“The Danger Zone” (2008)
Wow, I just had the greatest fourteen and a half hours. I was asked by Joy Sylvia, from Volunteering South Canterbury to assist the emergency response organization run a simulation of a major natural disaster striking our region.
Firstly I was taken to a Civil Defence building where I was to simulate a broken leg and a crush injury and then be extracted from the building through holes punched through the walls by emergency personnel with sledge-hammers. I was successfully removed from the ‘danger zone’ and pulled up a small hill to waiting medical staff in the comfort of an evacuation sled.
Secondly I was taken to a site off Cains Terrace, where I had crashed a wheelchair down a bank behind some buildings, through an electric fence, and having a spinal injury, lapsing in and out of consciousness. With a serious chest injury added, and stray electricity, oh, and a gas leak. I was really getting into it by this time, hamming it up and doing my best to be a convincing patient.

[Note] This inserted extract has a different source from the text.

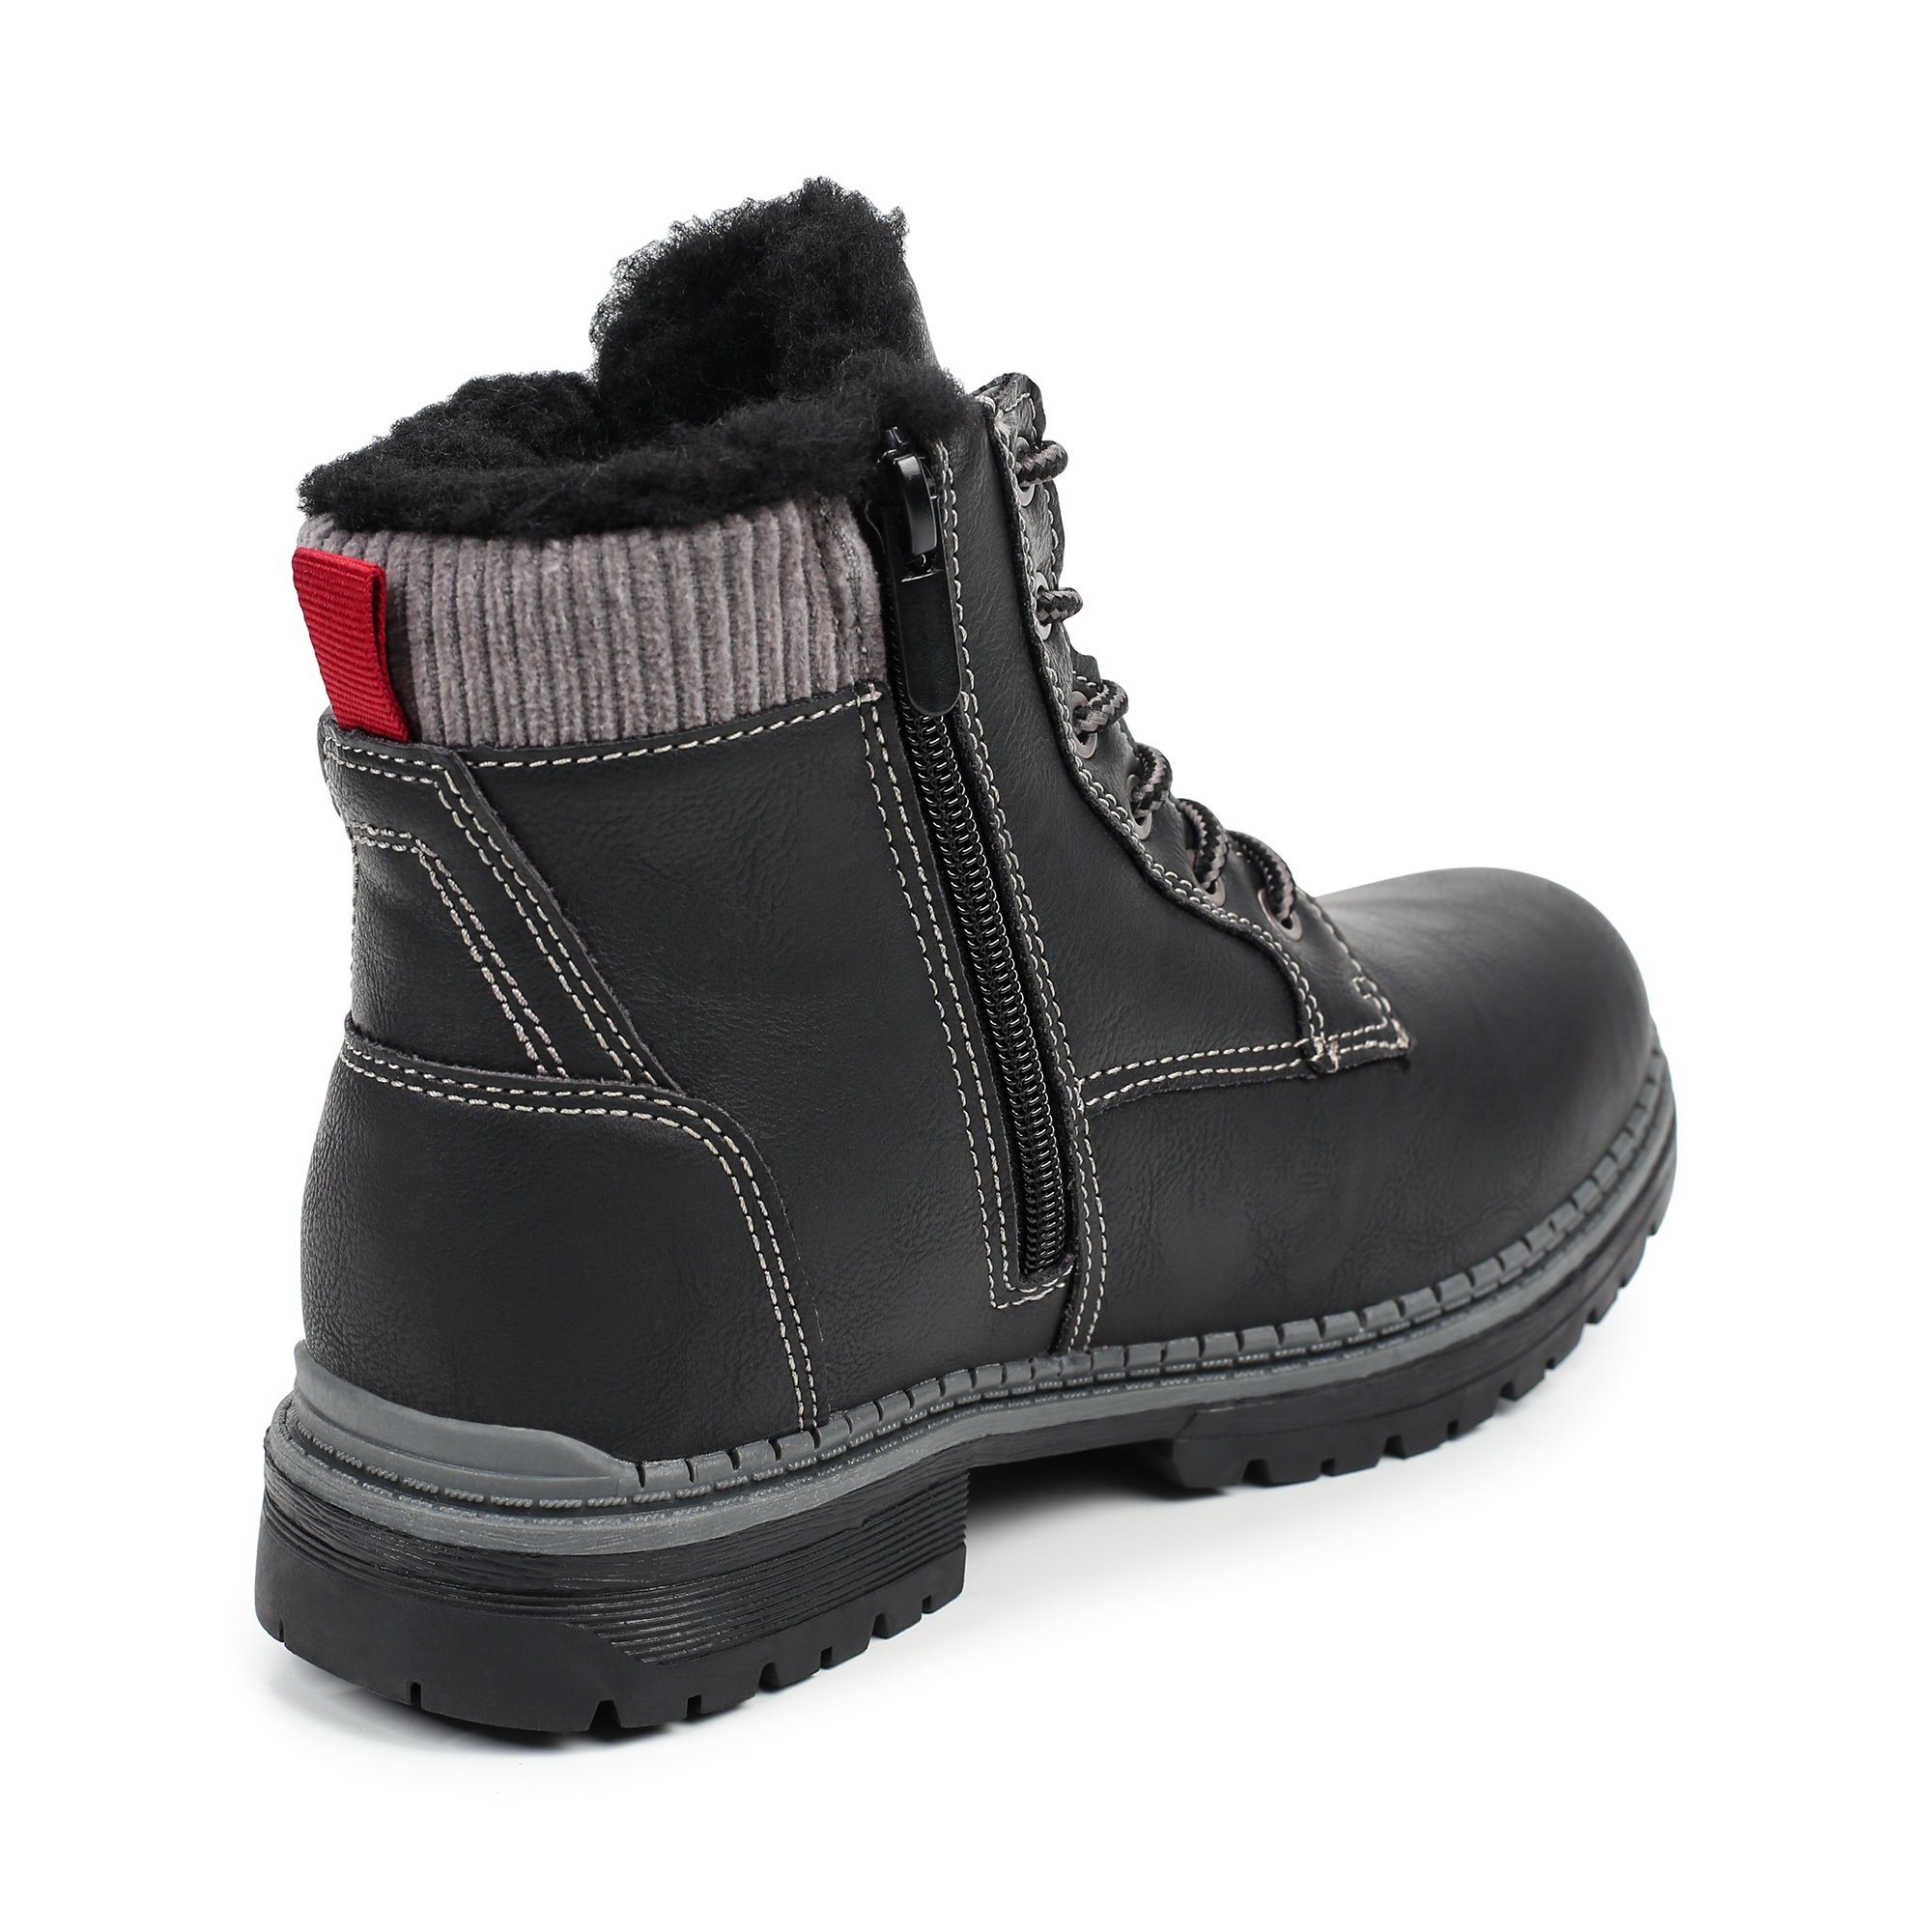 Обувь для мальчиков MUNZ YOUNG 018-033B-5602, цвет черный, размер 35 - фото 3
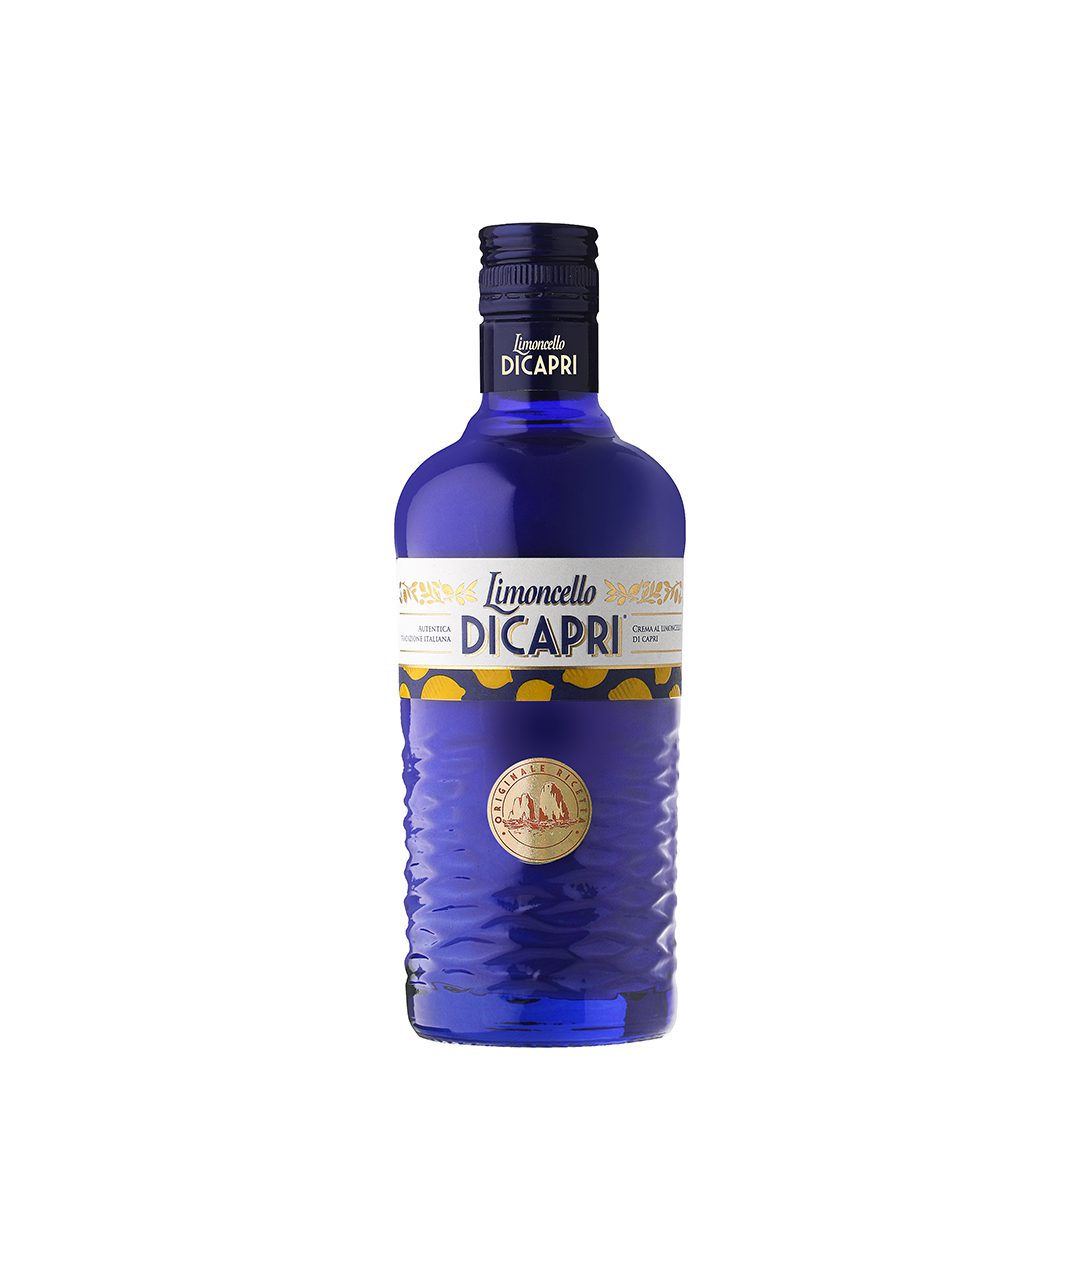 Blue 500ml glass bottle of Limoncello Di Capri Cream.

Next myself and some other volunteers were taken to number two Warf, where five of us were hidden around the ‘stricken’ vessel with various injuries. I had a badly fractured leg and a head injury. Once again I made the most of my limited acting abilities, being hard to find because of the head injury, and trying to get out of the position I was in to find my rescuers, generally being a cantankerous patient.
After the boat adventure we all, volunteer victims and trained rescue personnel, sat down for a bang up feed at about 3:30am. Then I was taken with Chris from Ashburton Civil Defence to another accident site, this time where a car was pinned under a collapsed building. Once again, I had another broken leg, and was extracted through a hole cut with a power saw through the iron roof. Chris was injured more than I, and the rescuers even had to cut the door off the car to get him out.
That was all the team would let me do and I called it a night, at 8:30am on Saturday 15th after starting at about 6:00pm on Friday 14th of September.
It was an absolute pleasure to help the rescue personnel hone their skills, and I offer a great many thank you’s to Joy Sylvia for asking me to join in, and would gladly help out again in the future. I was so pleased to see how proficient and professional the rescue staff are, having teams involved from South and Central Canterbury, Invercargil and Nelson. I was also struck by how vulnerable and isolated we are here in South Canterbury, and how in the event of a natural disaster we will have to rely on our own skills. I for one am glad we have so many people training for a positive outcome from any such eventuality.